# Aim of the task:
Reproduce, without alteration, every line of the data; exclude the images.

# Recorded data:
++++++

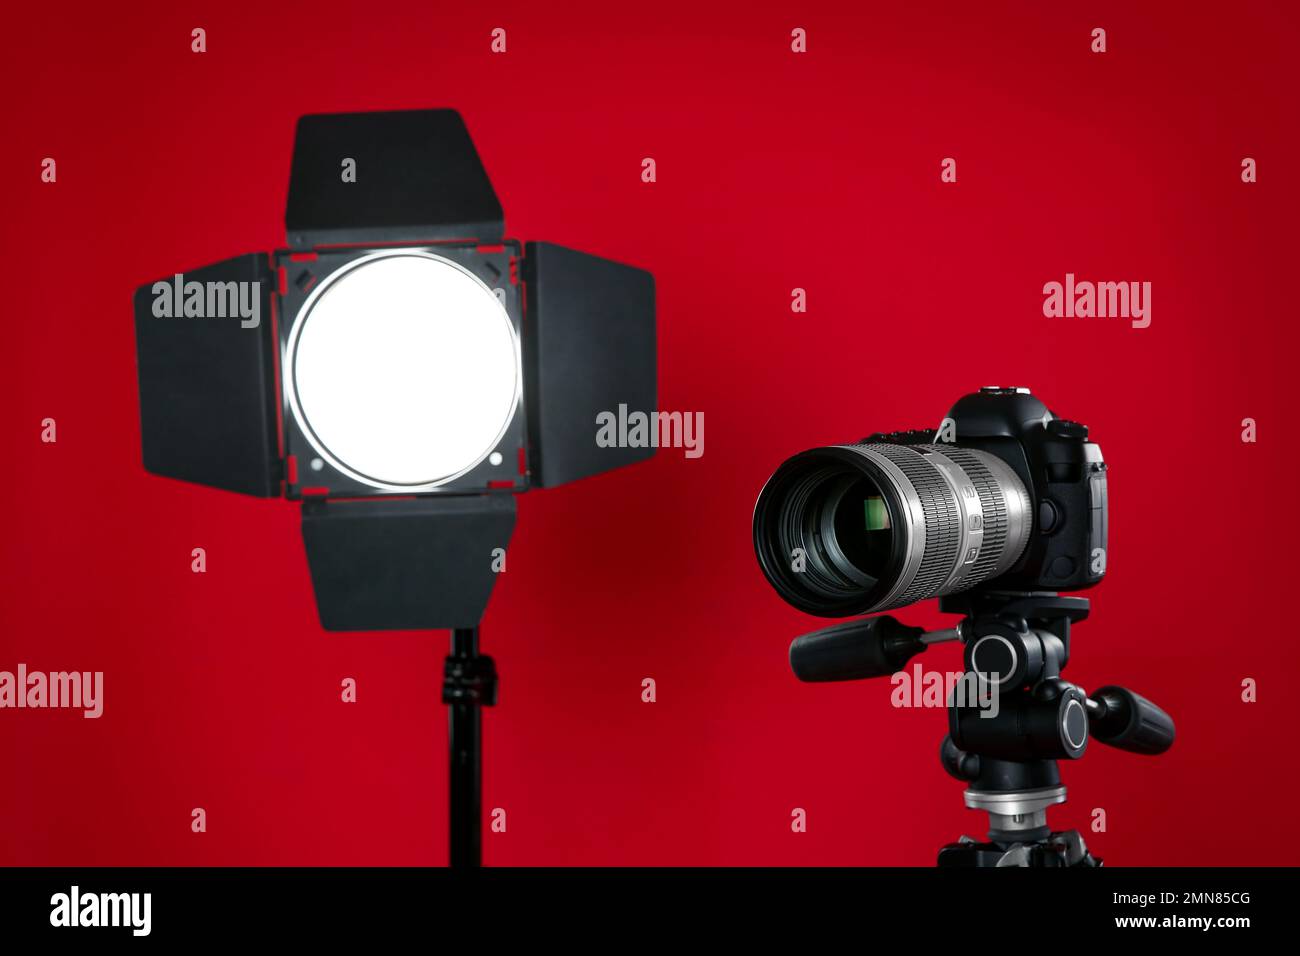 Lentes y cámaras digitales profesionales Fotografía de stock - Alamy
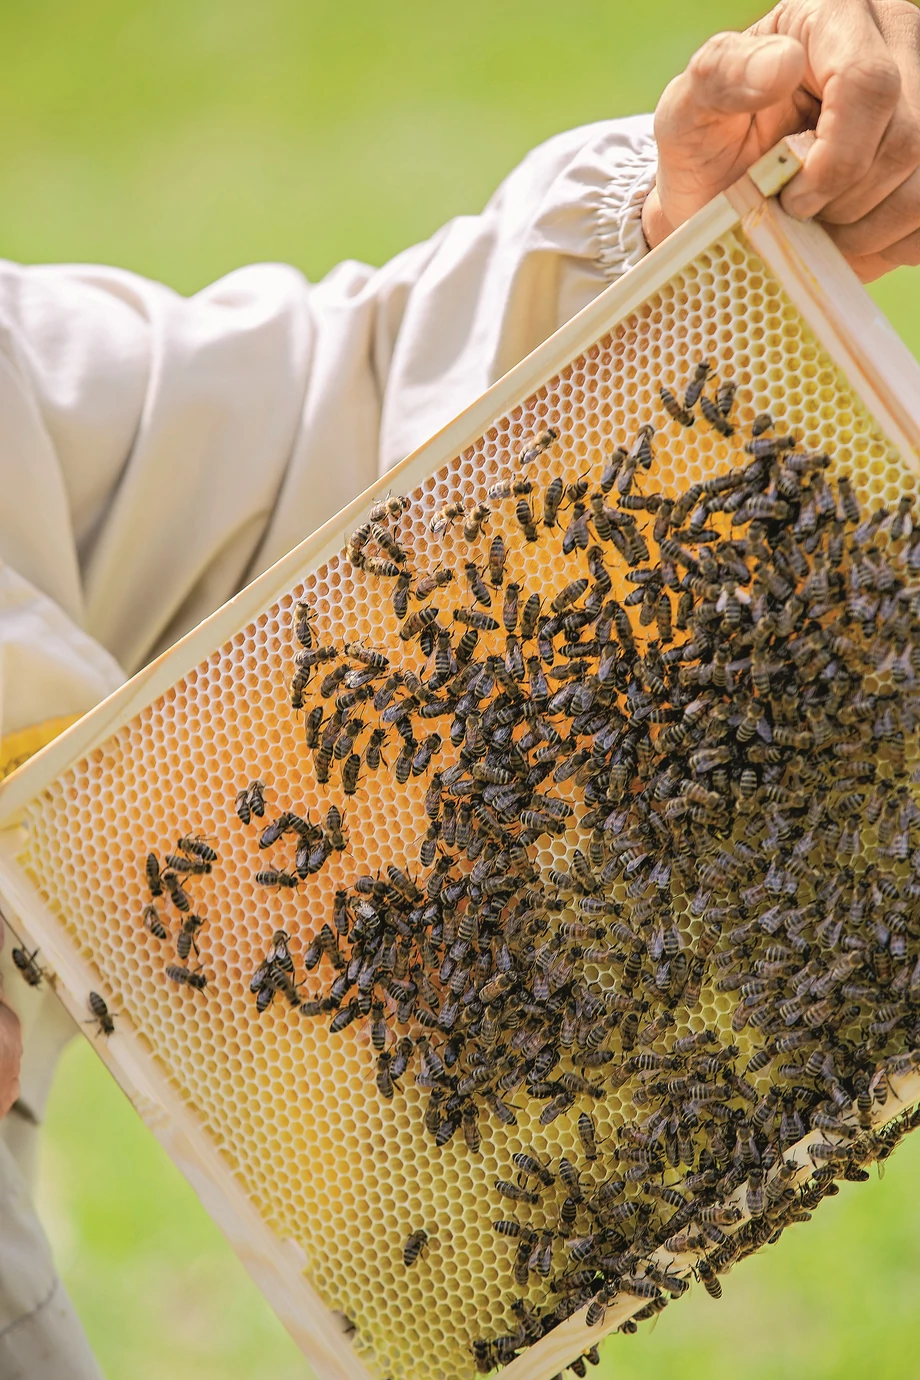 - Pszczelarze mogą u nas kupić właściwie wszystko, co jest potrzebne do prowadzenia własnej pasieki - mówi Tomasz Łysoń, prezes Grupy Łysoń
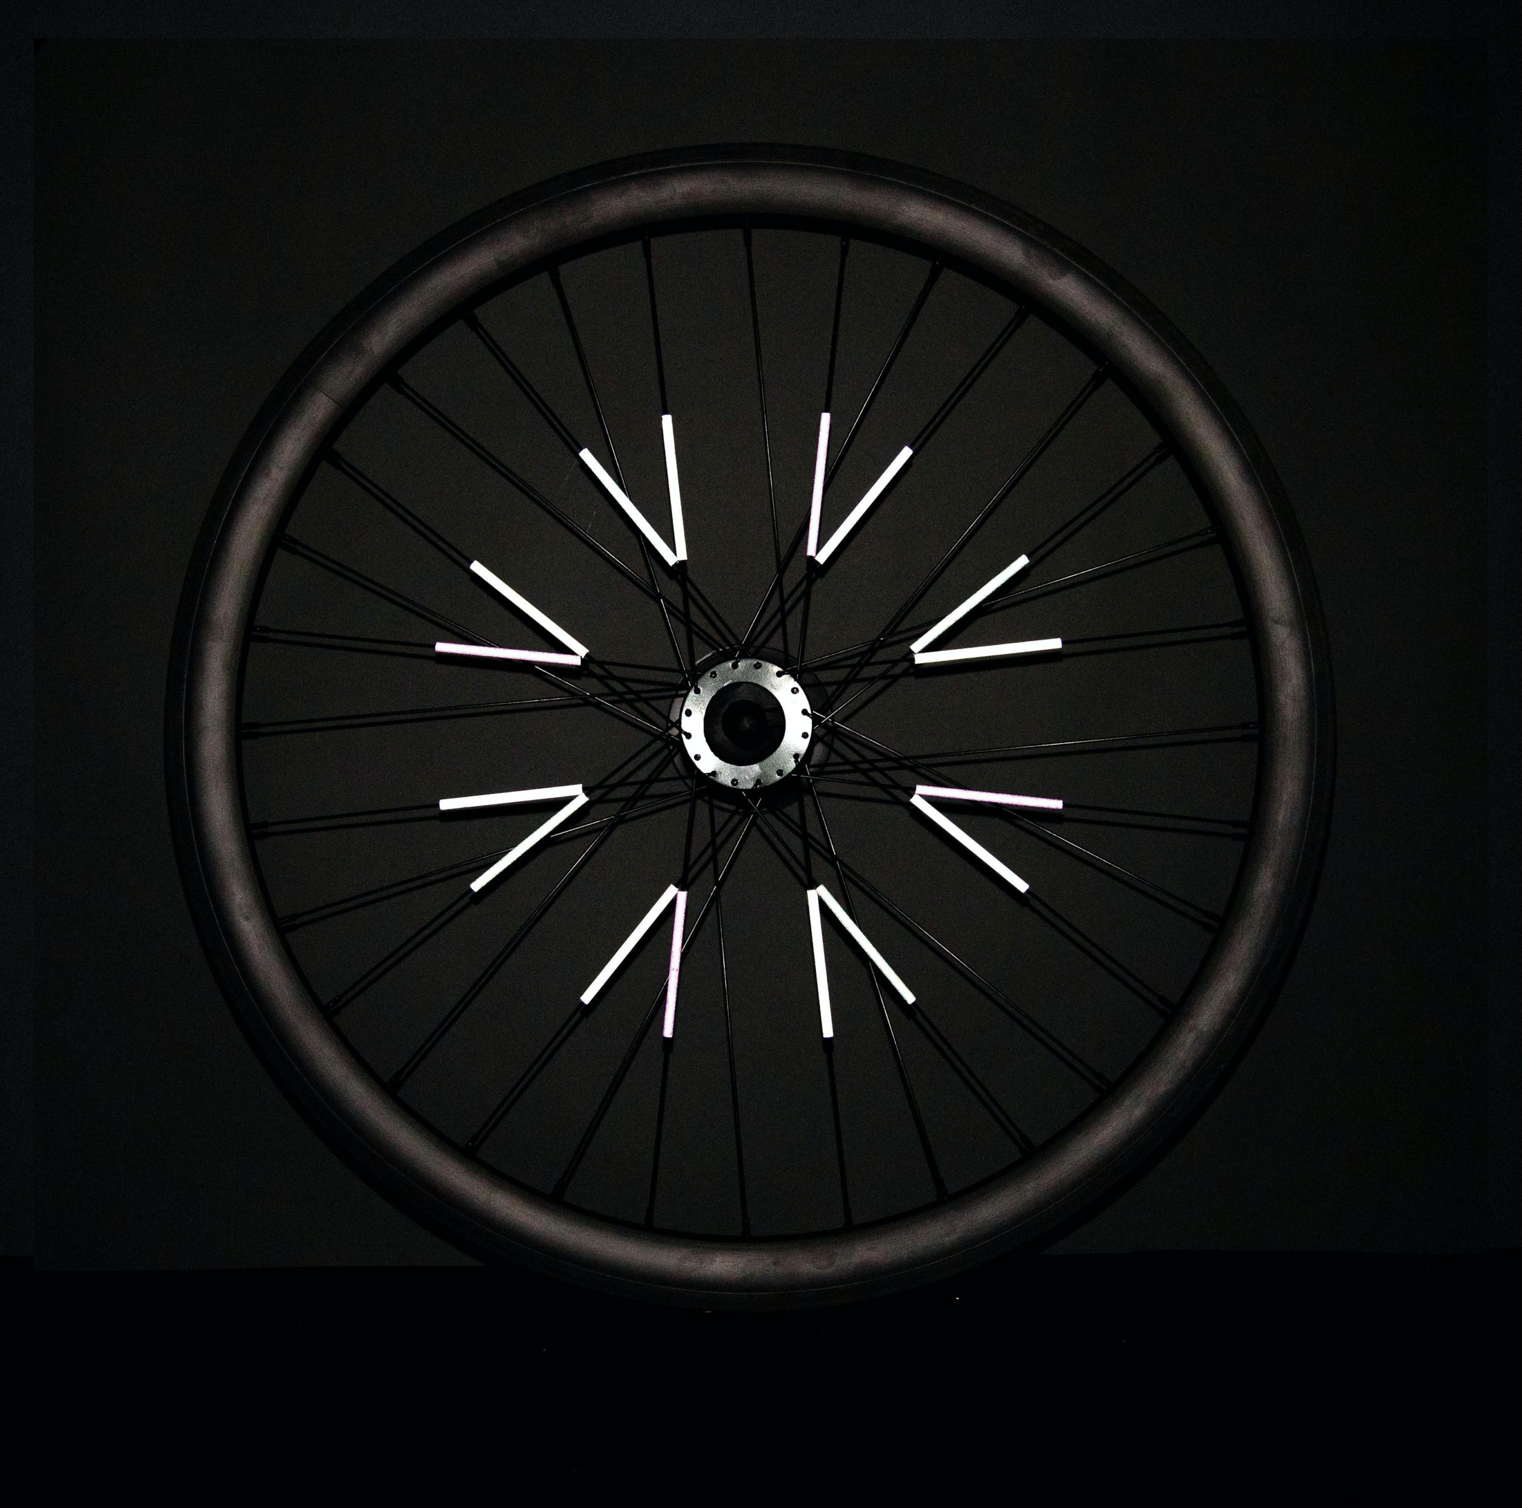 Reflecteurs pour rayons de vélo – poulettestore
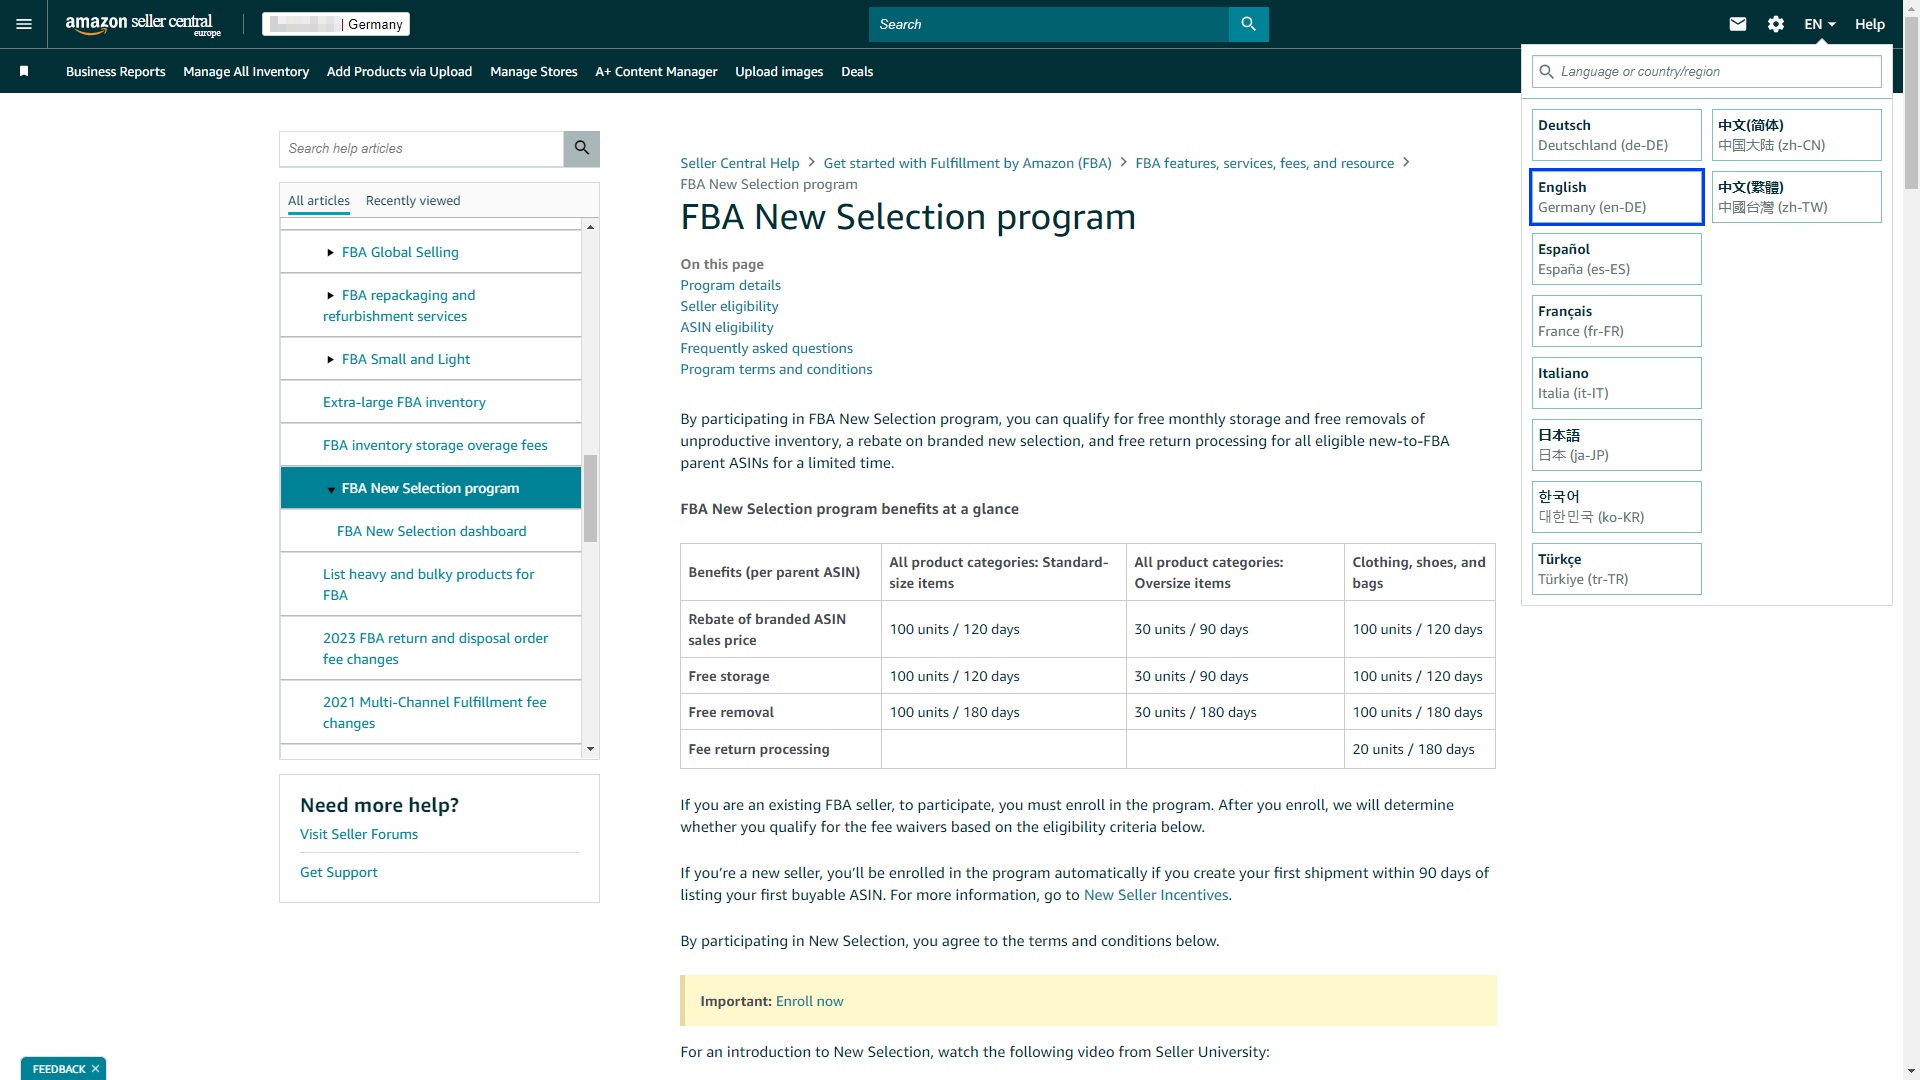 Der Screenshot zeigt den Hilfe-Artikel zum FBA New Selection Programm im Amazon Seller Central. Mit diesem können FBA Seller innerhalb eines bestimmten Zeitraums die FBA Gebühren für eine bestimmte Anzahl von Einheiten neuer Produkte sparen.

++++++

# Expected answer:
 Lentes y cámaras digitales profesionales Fotografía de stock - Alamy
 - Pszczelarze mogą u nas kupić właściwie wszystko, co jest potrzebne do prowadzenia własnej pasieki - mówi Tomasz Łysoń, prezes Grupy Łysoń
 Reflecteurs pour rayons de vélo – poulettestore
 Der Screenshot zeigt den Hilfe-Artikel zum FBA New Selection Programm im Amazon Seller Central. Mit diesem können FBA Seller innerhalb eines bestimmten Zeitraums die FBA Gebühren für eine bestimmte Anzahl von Einheiten neuer Produkte sparen.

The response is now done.